Has anyone seen or heard anything about this?

**Certified Parts Corporation Signs Agreement for Manufacture of Air-Cooled Engines Plans to Introduce Snow King and Complete Engine Lineup Janesville, WI (September 1, 2010) – Certified Parts Corporation (CPC) of Janesville, WI has announced it has entered into an agreement with LCT, (Liquid Combustion Technology) of Travelers Rest, SC to jointly manufacture air-cooled engines for the outdoor power equipment
market.

LCT’s current horizontal 4-stroke gasoline engine product offering will be extended with this agreement and will also allow CPC and LCT to provide single cylinder and V-twin vertical engines to outdoor power equipment manufacturers.
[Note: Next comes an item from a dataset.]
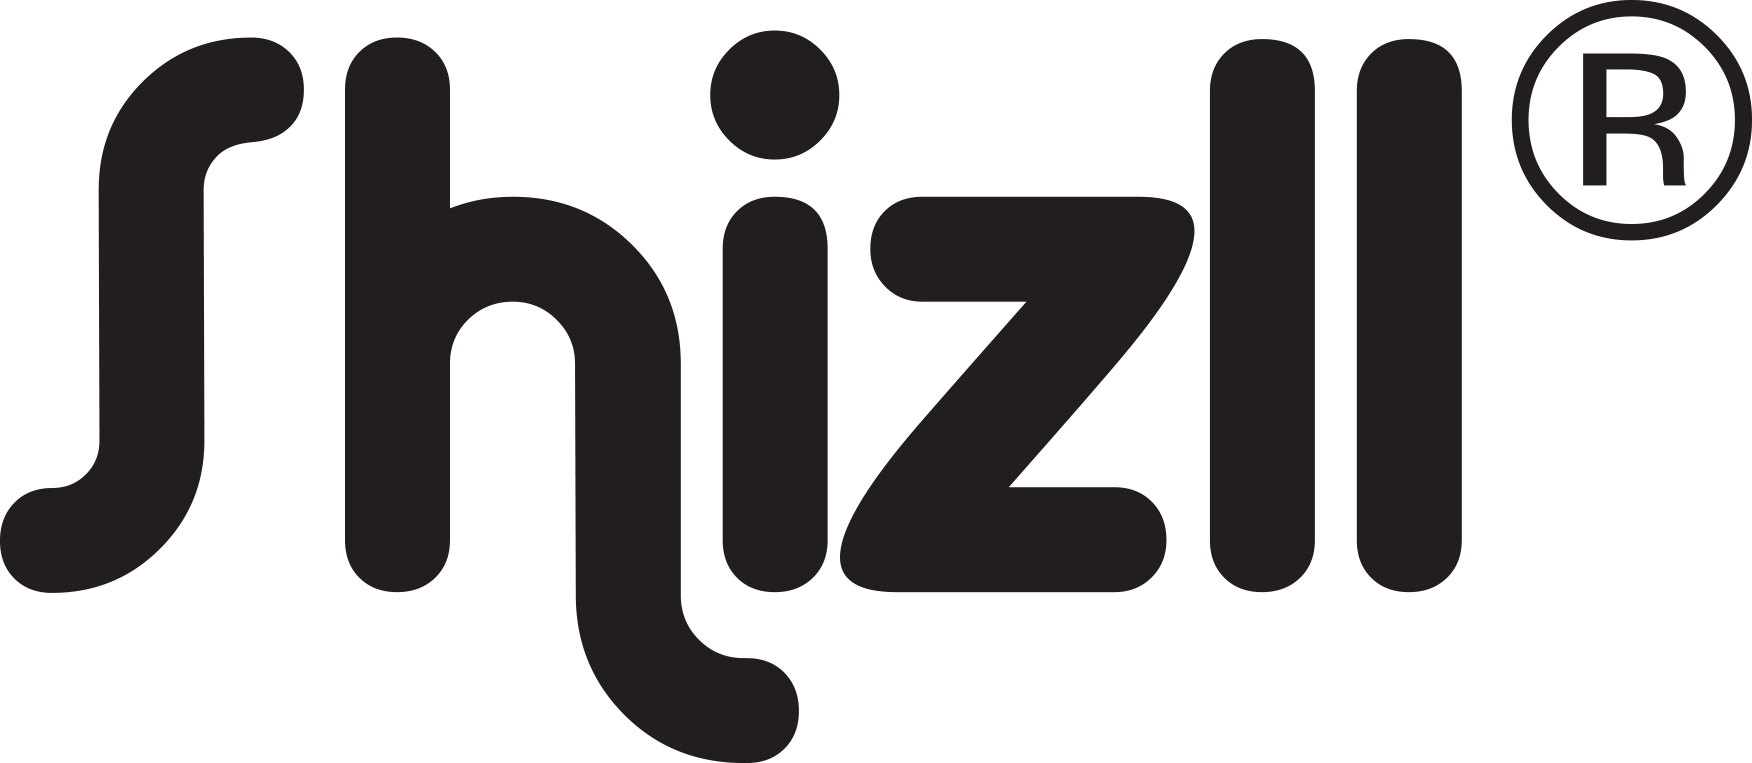 Shizll Logo

According to Larry Zeman, VP of Winter Engine Products for LCT, “This establishes LCT as an engine manufacturer of choice as it continues to engineer a new generation of power."
**

Now we or most all of us all know that CPC is the one that bought the Tecumseh small engine portion.

Just so you know LCT is a Chinese Co in business for 20 plus yrs.

I just thought this was interesting so thought I would share since there is alot of people yet that didnt know about Tecumseh.


----------



## 30yearTech (Sep 14, 2006)

Yes, I heard this also. I do believe that LCT is a U.S. company that imports engines from manufacturing facilities located in China. They used to distribute through Stens, as I was a dealer. My understanding is that they are no longer distributing through Stens. I think they are going to use CPC Tecumseh distribution for their engines now.


----------



## dj722000 (Oct 29, 2008)

Yeah I guess LCT is based in Travelers Rest, SC. I have only seen a few of there engines around so I did a little diggin and this is what I came up with.

Yeah I couldnt find why, but I guess Stens had dis-continued thier affilation with LCT as of the end of the year. But I guess your answer explains that.

I just thought it was interesting enough to share.


----------